Если бы я былъ не человѣкъ измѣняемый, а не преодолимый; то была бы нужна мнѣ только заповѣдь великаго Бога, и она бы меня украшала, спасала и вела къ высокой славѣ. Но теперь не богомъ создалъ меня Богъ, а поставилъ въ равновѣсіи удобопреклоннымъ туда и сюда; потому и поддерживаетъ меня многими опорами, изъ которыхъ одною служитъ для людей благодатъ омовенія. Какъ нѣкогда еврейскія дѣти спасались отъ погубленія Христовою кровію, и очищали праги дверей, между тѣмъ какъ въ одну ночь погибли всѣ первородные Египта; такъ и это для меня есть печать избавляющаго насъ отъ золъ Бога, и для младенцевъ только печать, а для возрастныхъ врачевство и совершеннѣйшая божественная печать Христа Свѣтодавца, чтобы, спасшись изъ глубины скорбей и облегчивъ нѣсколько выю отъ бремени, обратилъ я стопы свои къ жизни. Ибо и путникъ, отдохнувъ отъ утомленія, воздвигаетъ укрѣпленныя въ силахъ колѣна. Какъ общее всѣхъ достояніе — воздухъ, земля, широкое небо и все, что влечетъ за собою кругъ годовыхъ временъ, такъ общимъ достояніемъ человѣковъ содѣлалась и спасительная купель.

Слово 9. О человѣческой добродѣтели[2].[править]

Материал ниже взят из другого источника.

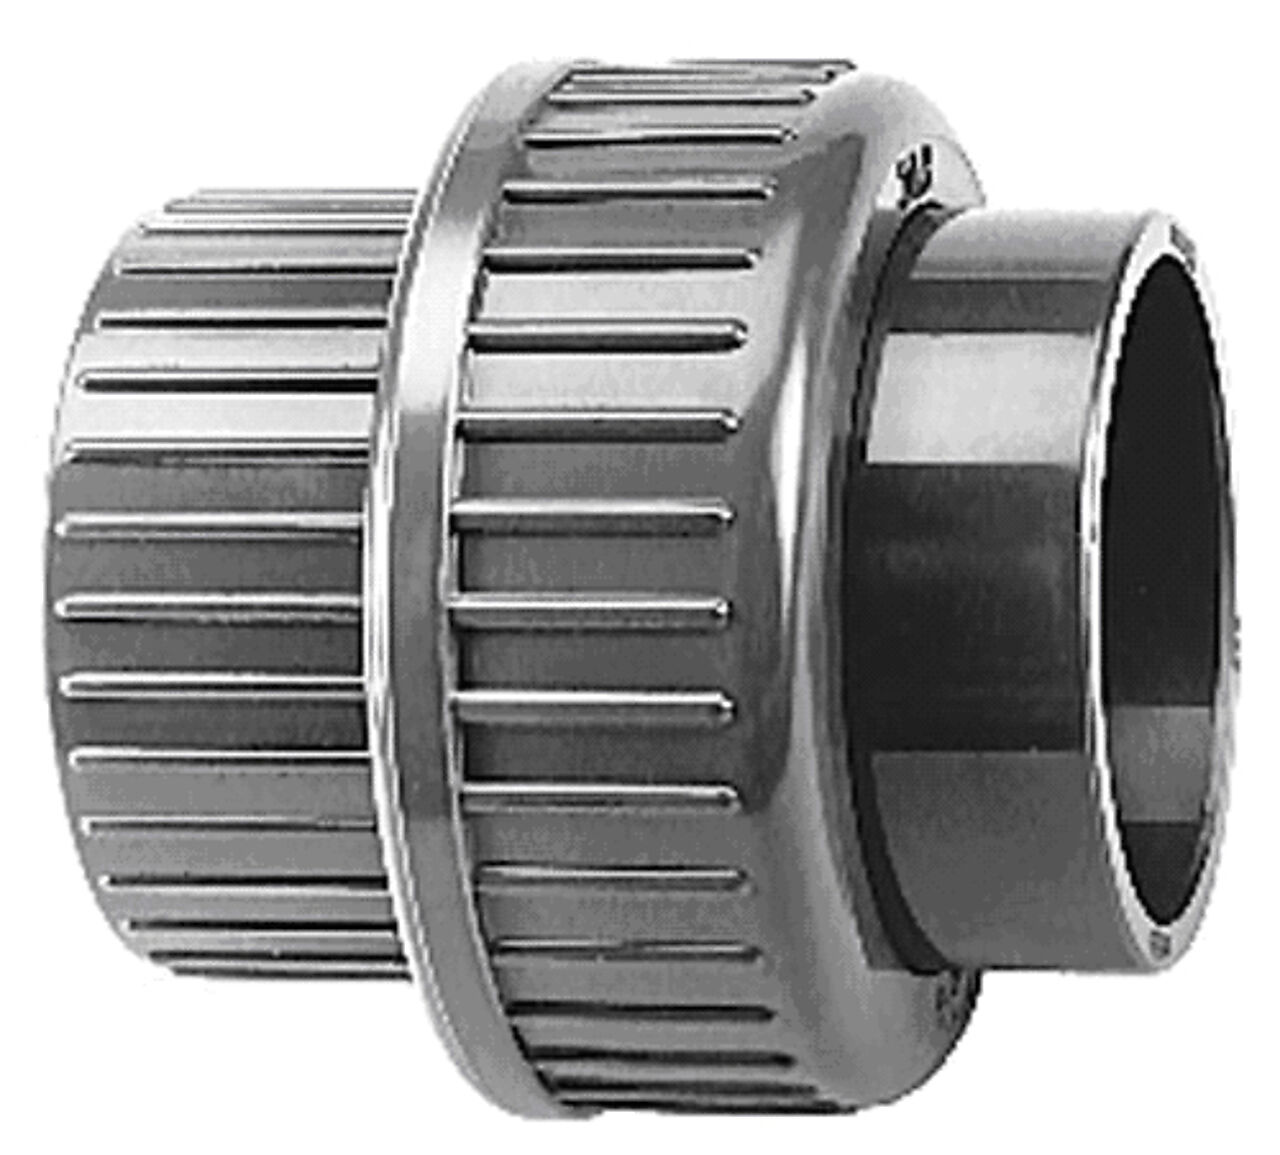 Georg Fischer Union PVC-U 50 mm, metrisk, PN16, EPDM O-ring, leverandørnr. 721 510 110 1
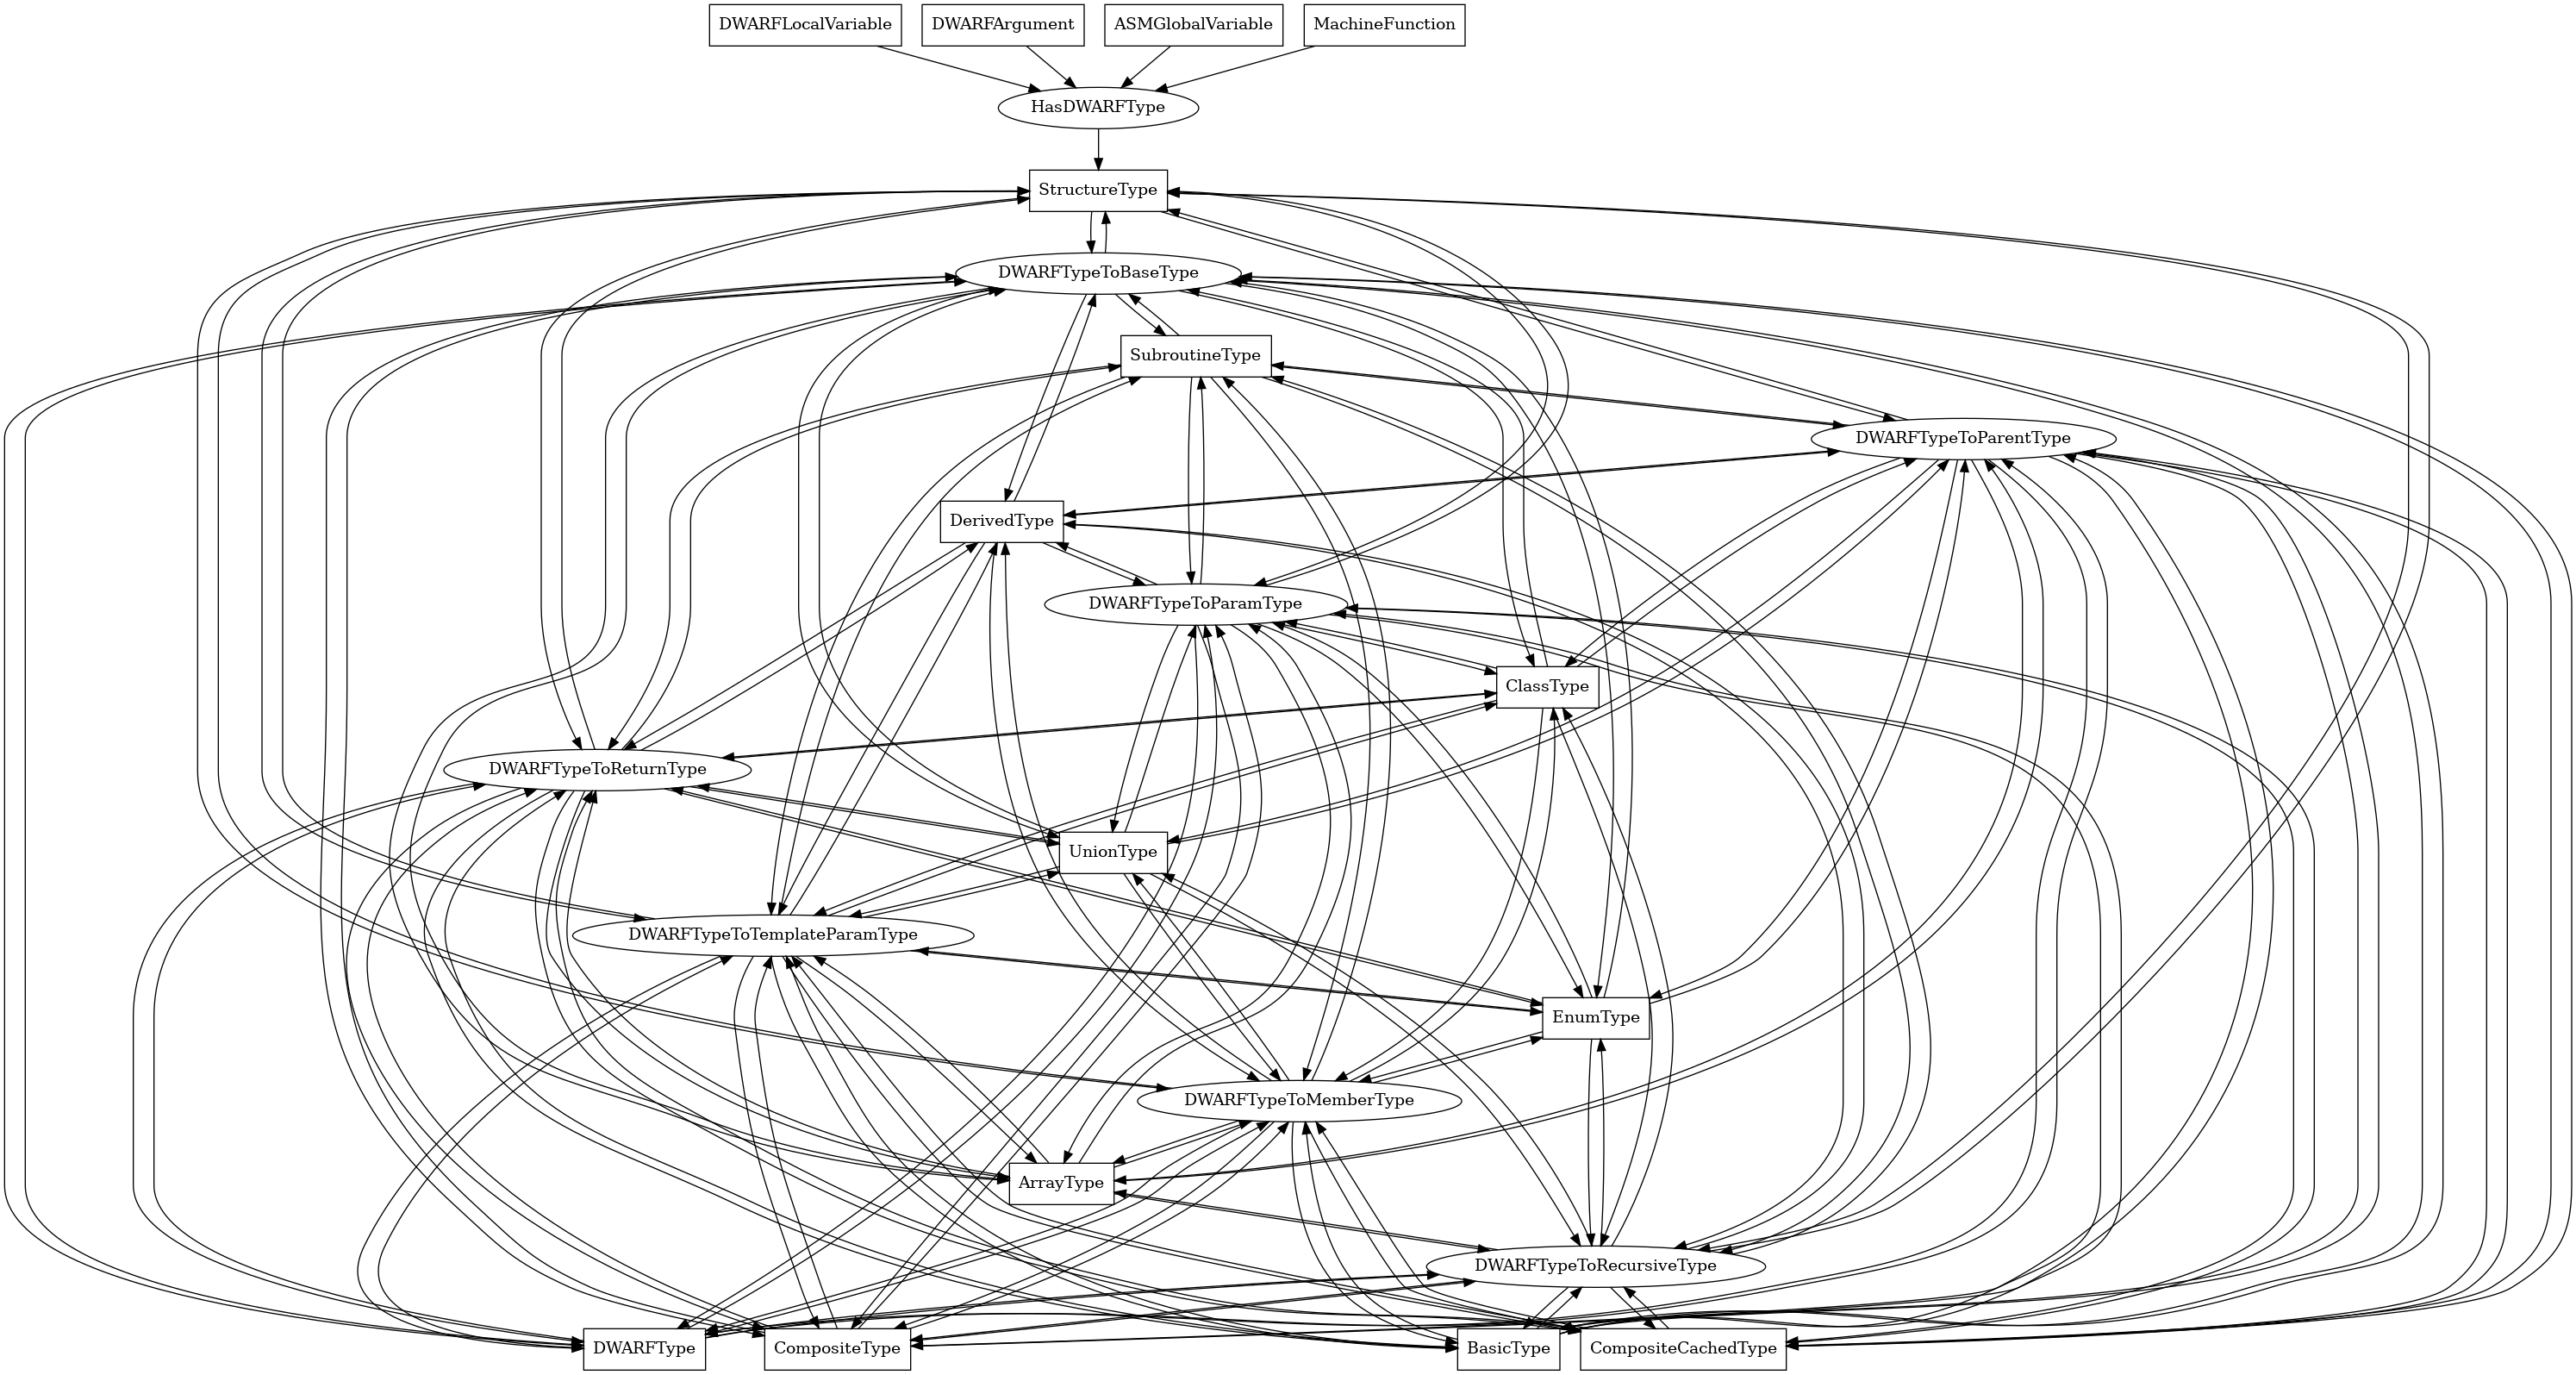 Entity-relationship diagram for StructureType nodes

Люблю я добродѣтель; однакожъ это не научило меня тому, что такое добродѣтель, и откуда она прійдетъ ко мнѣ, который такъ много люблю ее. А неудовлетворенное желаніе мучитъ. Если Добродѣтель есть чистый потокъ, не смѣшанный съ водами, которыя стекаютъ со всякаго мѣста и отъ снѣговъ и отъ дождей; то спрашиваю: кто находилъ ее на землѣ? Ибо всякій, или имѣлъ въ себѣ сердечную нечистоту, или принялъ ее въ себя, — между тѣмъ какъ влачитъ тяжелое тѣло и со-внѣ возмущается врагомъ нашея жизни, который омрачаетъ и очерняетъ насъ бездною. Да и несвойственно было бы мнѣ, который самъ не иное что, какъ отвердѣвшій токъ, и непрестанно влекусь потокомъ жизни, — быть чѣмъ-то нетекучимъ. Если же добродѣтелъ не совершенно сребристый потокъ, но пріемлетъ въ себя и худшее, и есть нестройная смѣсь; то скажи: какъ же она добродѣтель? По крайней мѣрѣ у меня не мало трудится надъ этимъ быстрый умъ. Снѣгъ по природѣ холоденъ и бѣлъ, а огонь — красноватъ и теплъ. И они несоединимы между собою; а соединяемые насильно, скорѣе разрушаются, нежели входятъ въ соединеніе. Какъ же къ добродѣтели привзошло гнусное, унижающее во мнѣ образъ Божій; какъ къ образу великаго Бога прикоснулся злорадный грѣхъ, если я дѣйствительно богъ, и не напрасно хвалюсь тѣмъ, что составляю Твое достояніе, Боже? Слышу о прекрасной рѣкѣ Алфеѣ, что она протекаетъ чрезъ горькое море, а сладкія воды ея (къ удивленію!) не терпятъ вреда въ продолженіе сего теченія. Но какъ для воздуха порча — туманъ, и для тѣлесныхъ членовъ — болѣзнь; такъ для добродѣтели — наша грѣховная ночь.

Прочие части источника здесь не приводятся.